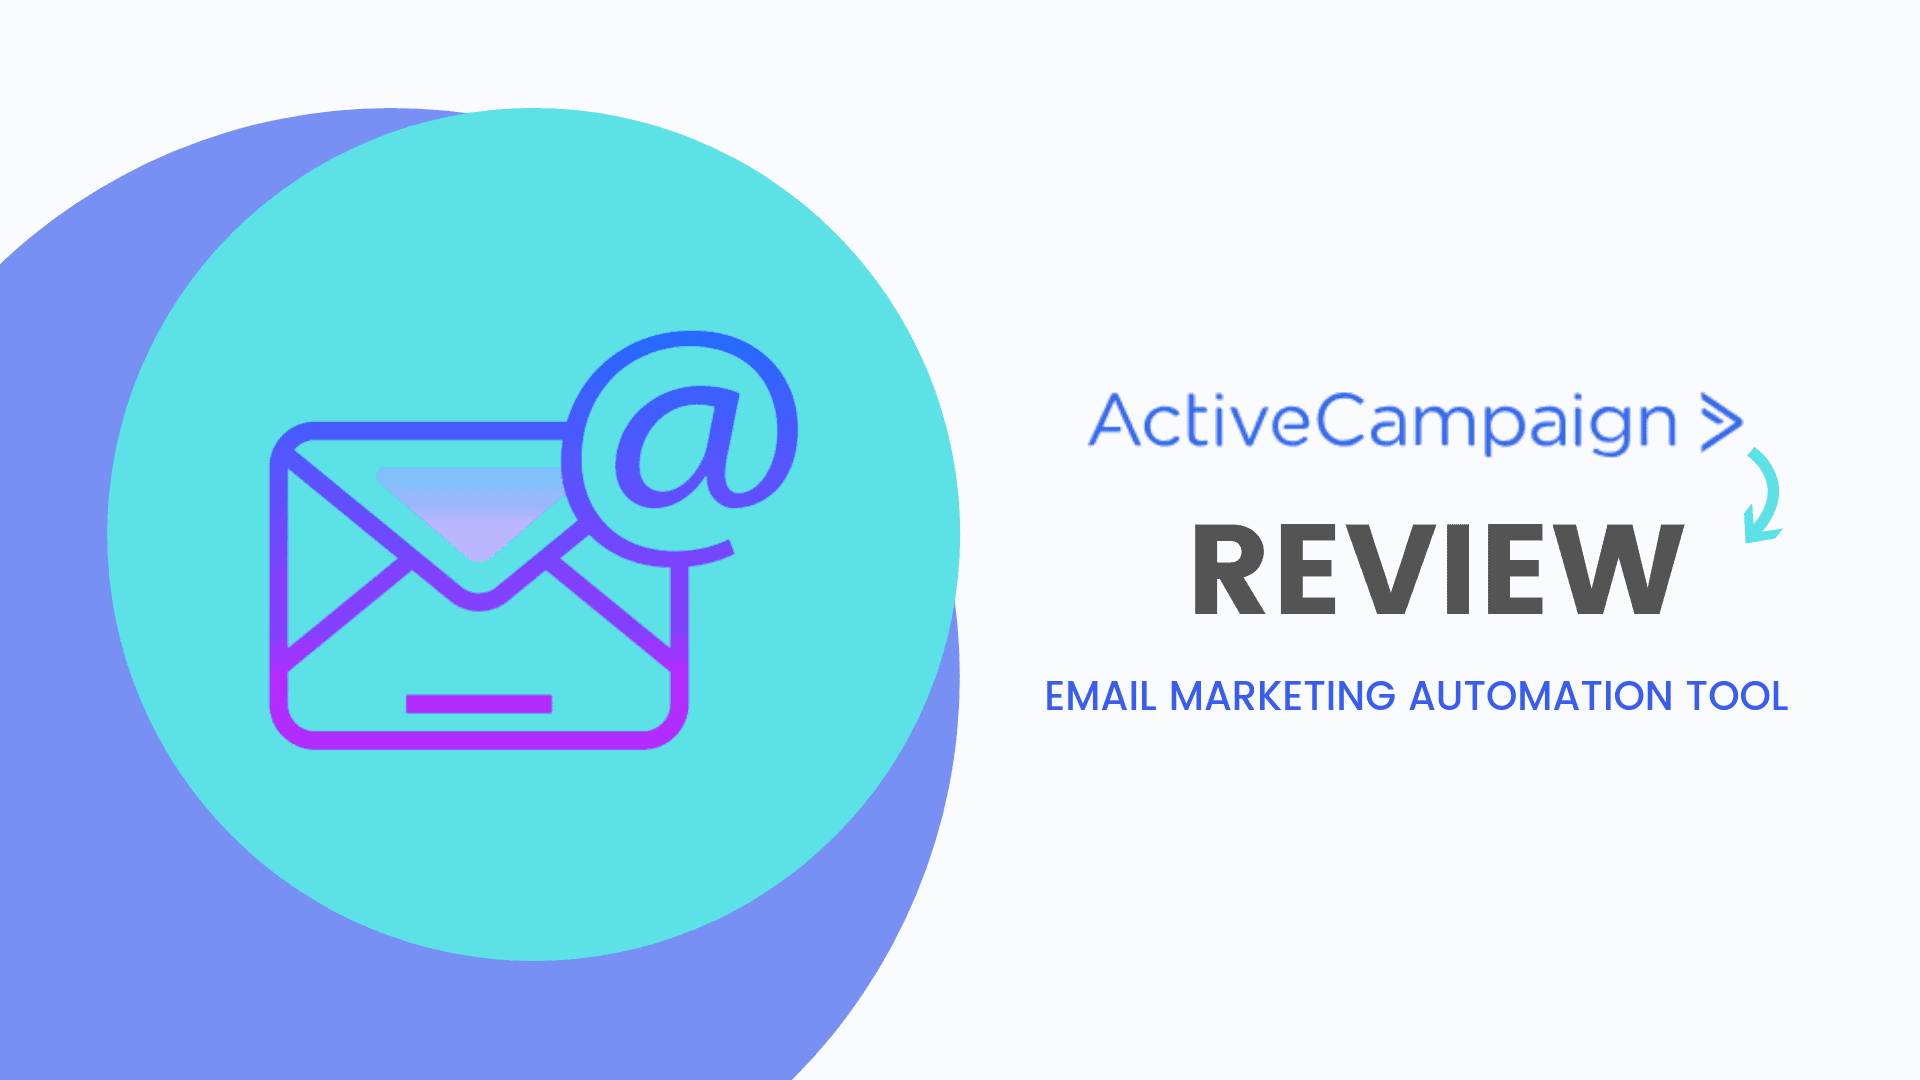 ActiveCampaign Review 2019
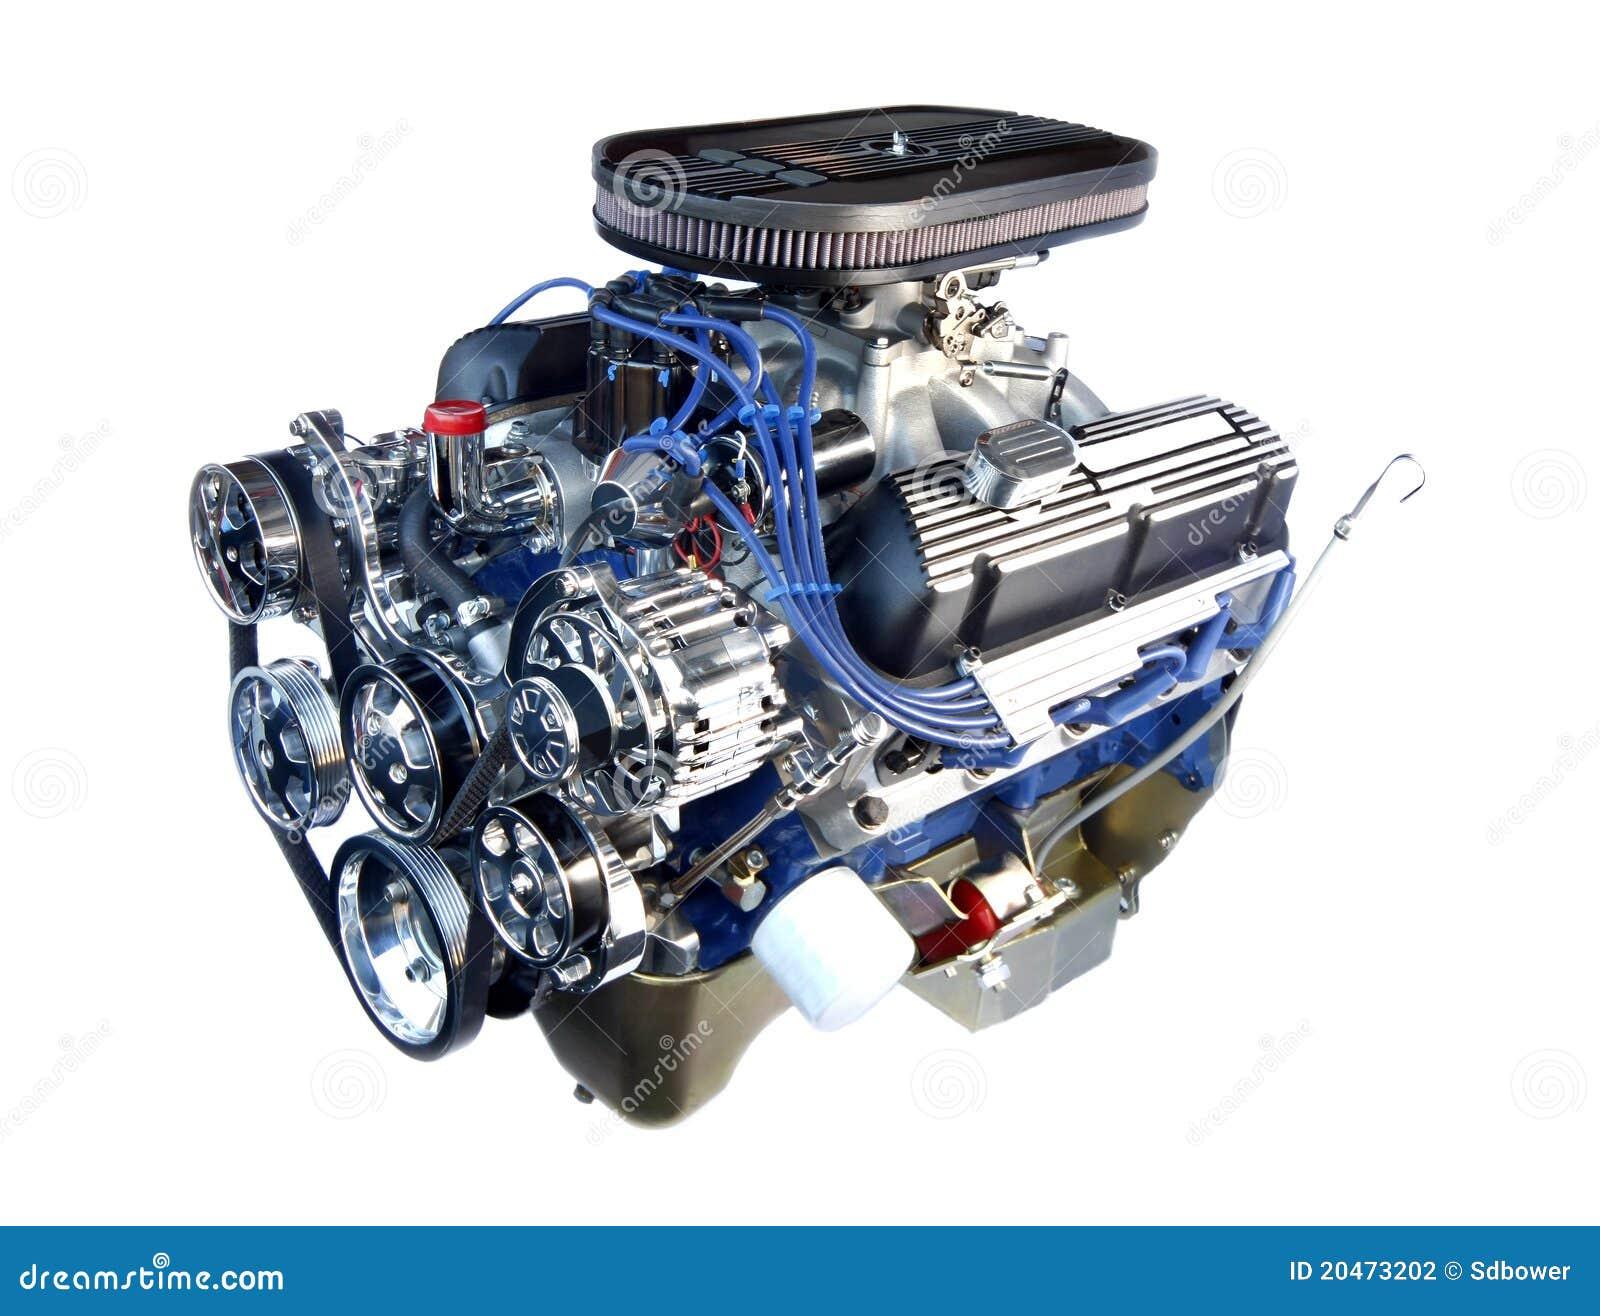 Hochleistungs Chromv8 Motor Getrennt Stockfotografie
* * *
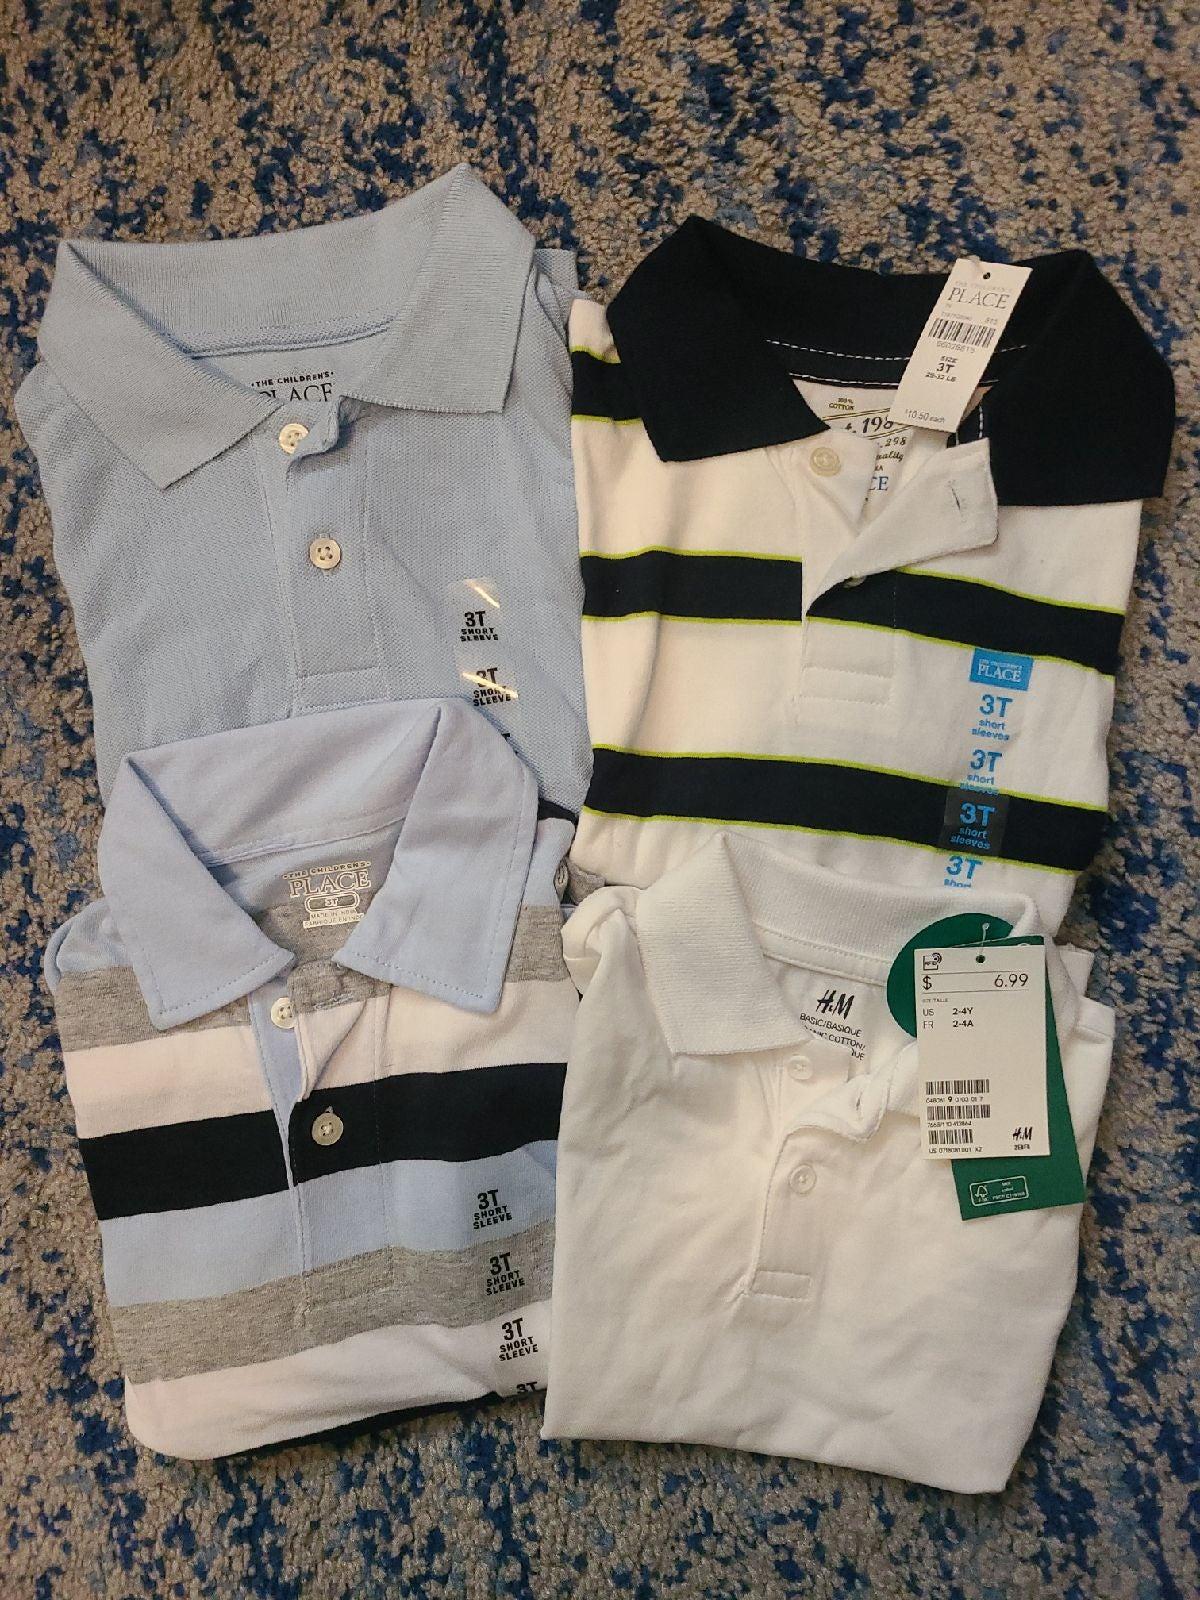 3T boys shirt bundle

■ **WHAT YOU WILL DO**: Exactly the lines starting at the one above with "ActiveCampaign Review 2019" and ending at the one with "Hochleistungs Chromv8 Motor" should be printed, and nothing else. Omit the pictures.

■ **EXERCISE SOLUTION**:
 ActiveCampaign Review 2019
 Hochleistungs Chromv8 Motor Getrennt Stockfotografie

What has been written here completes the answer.